The legacy of its insane actions remains with us today, not only in Cambodia’s political and economic underdevelopment but also in the ruptured social structures that resulted from Angkar’s relentless assault upon religion and the family.

Those of us who work at the Documentation Center of Cambodia have spent seven years trying to document the millions of crimes and atrocities committed under the Khmer Rouge regime. The centers core objectives are the promotion of memory and justice, both of which are critical foundations for establishing the rule of law and genuine national reconciliation in Cambodia. So far the center has documented 19,440 mass graves and 167 extermination centers. It has collected more than 600,000 pages of Khmer Rouge documents. Our monthly magazine, Searching for the Truth, sends information we have uncovered to villages all over the country. 
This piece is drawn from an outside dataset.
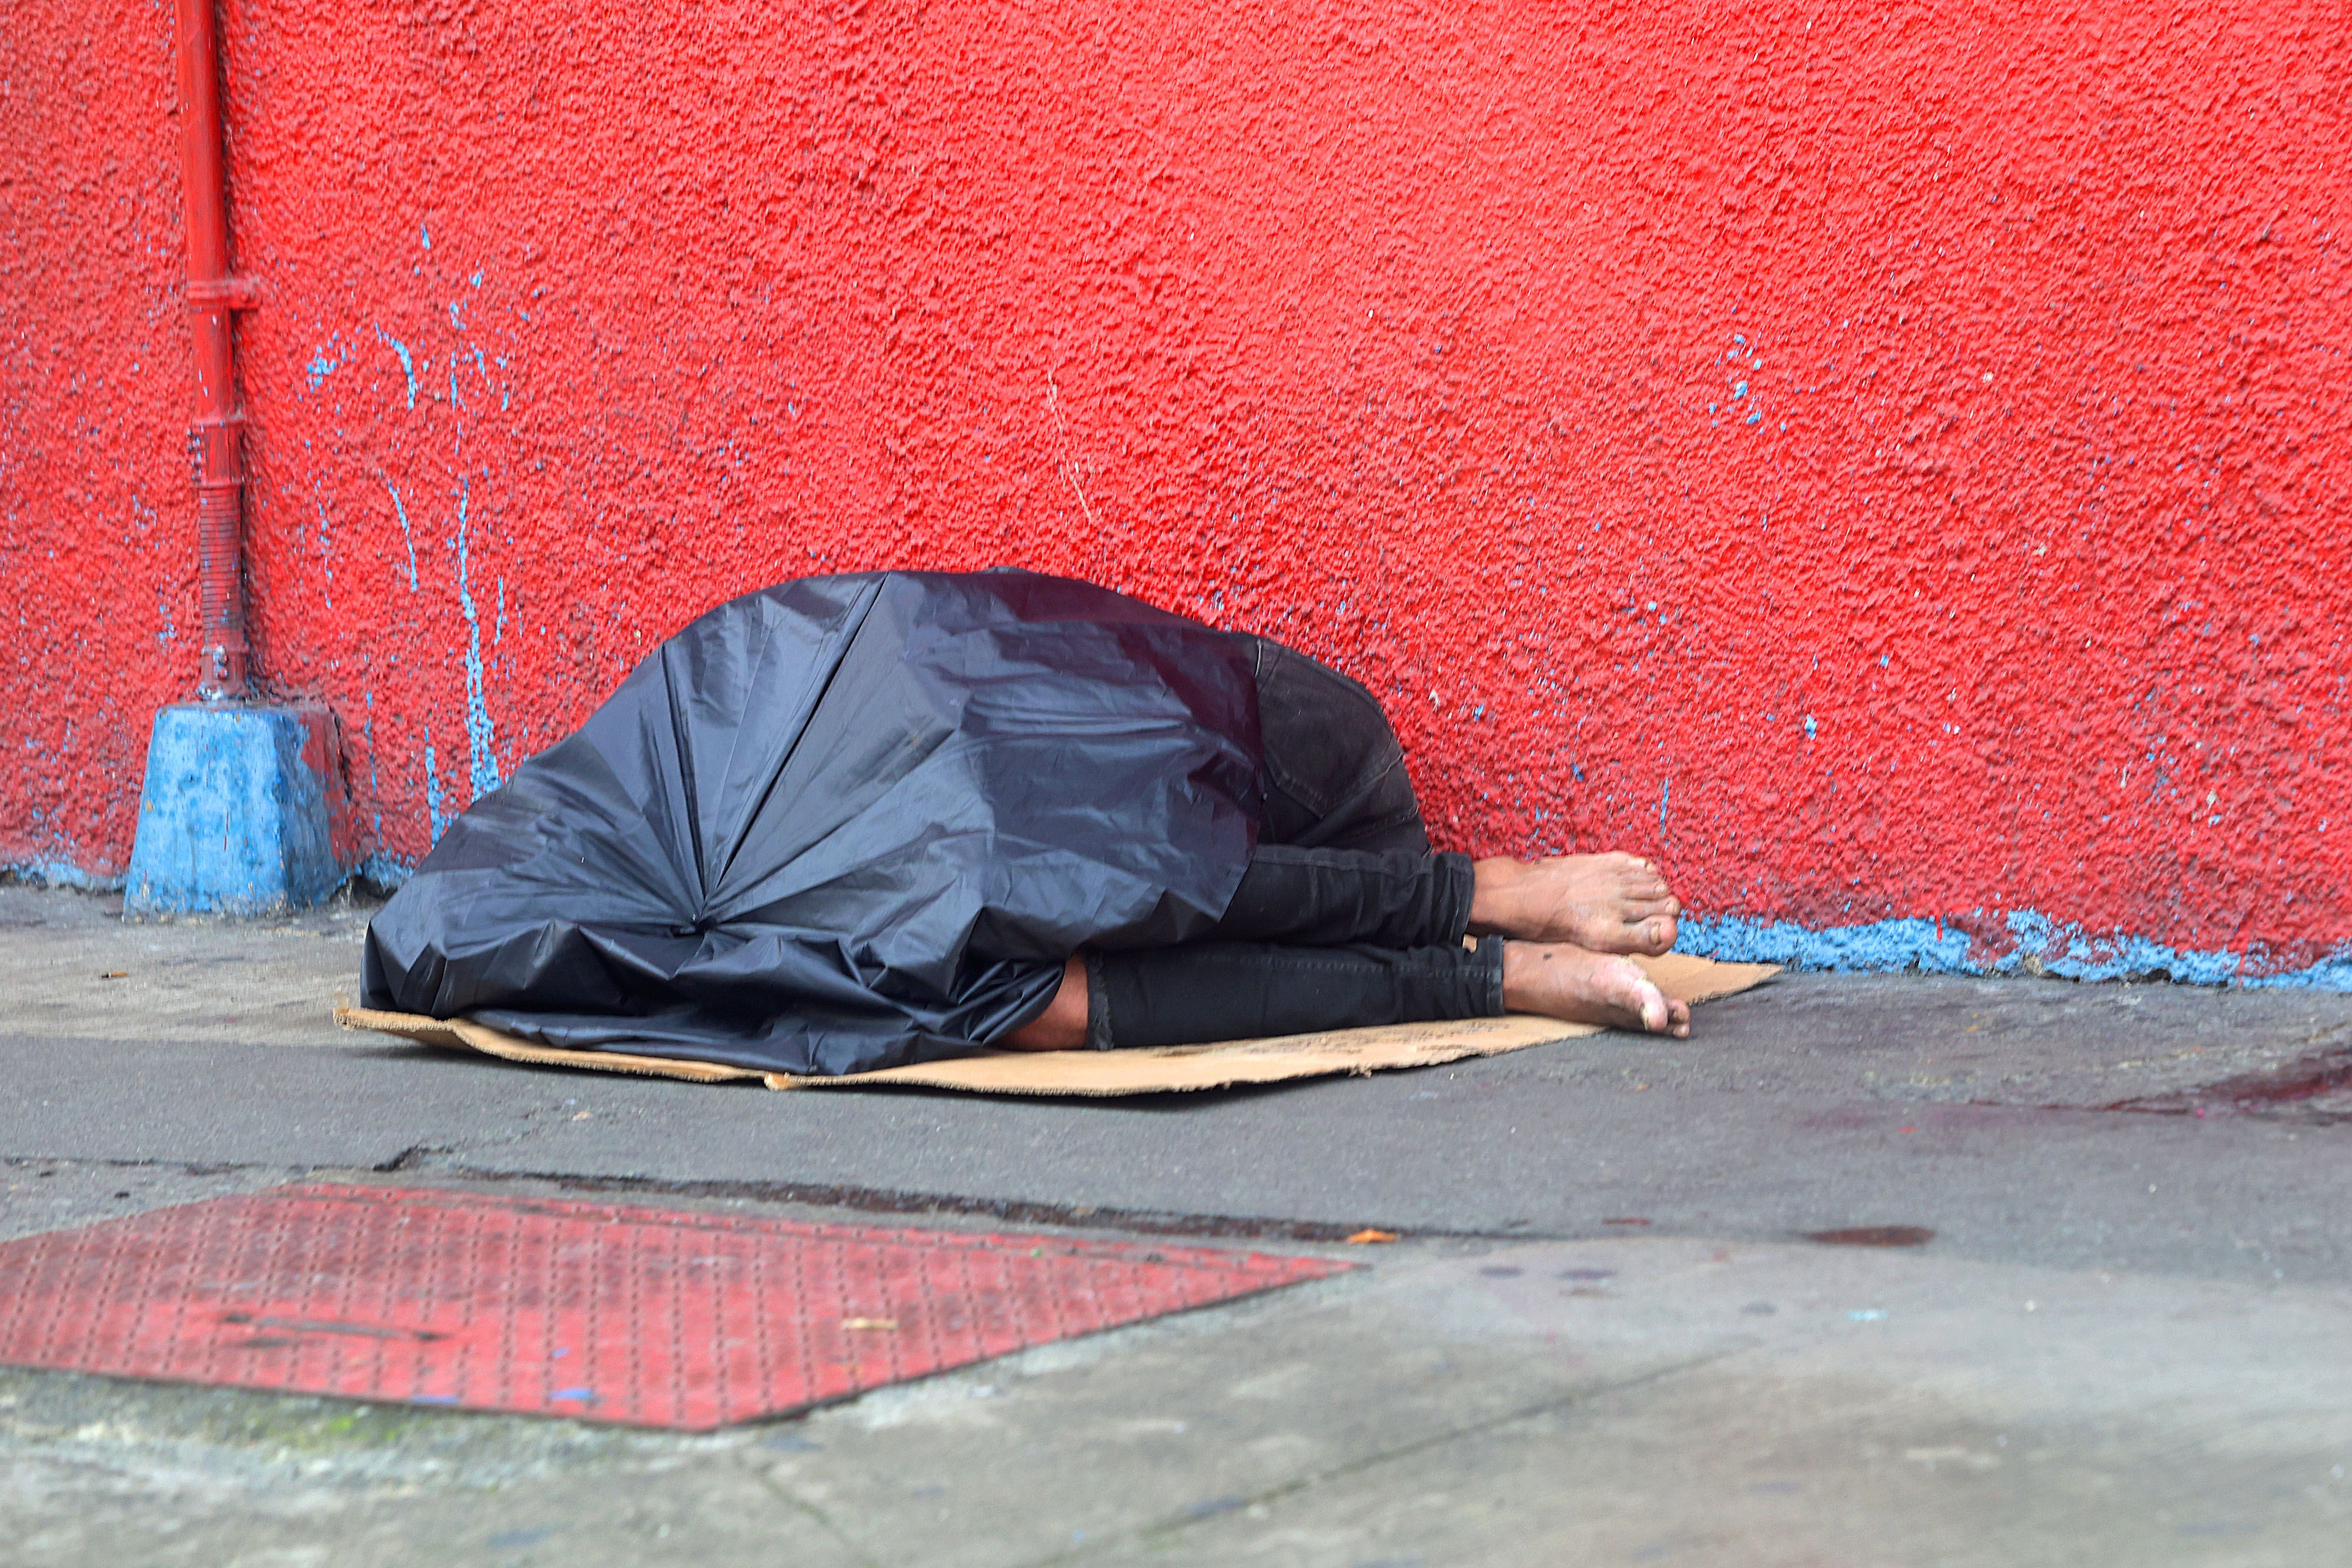 Un censo reciente realizado por la Policía Municipal ubicó a 800 personas dormidas en la calle al amanecer.

Twenty-three years after the fall of the Khmer Rouge regime, some of its leaders continue to live in freedom in Cambodia. While many of the regimes victims live in dire poverty, some of these former leaders, like Ieng Sary and his wife, Ieng Thirith, are even free to travel to Thailand for expensive medical treatment. It would be relatively easy to bring these people to justice. All it takes is a meeting of political wills between the international community and Cambodia. That is within reach. It would be yet another tragedy for Cambodia if the momentum is allowed to fade and justice is further delayed.

In 1994 the United States Congress passed the Cambodian Genocide Justice Act, affirming American support for efforts to bring the Khmer Rouge to justice. America could help Cambodia now by reaffirming that support. It should speak out on the necessity for United Nations participation in forming a tribunal whose credibility will not be doubted. Unless powerful voices are heard from the international community, justice may never come to Cambodia.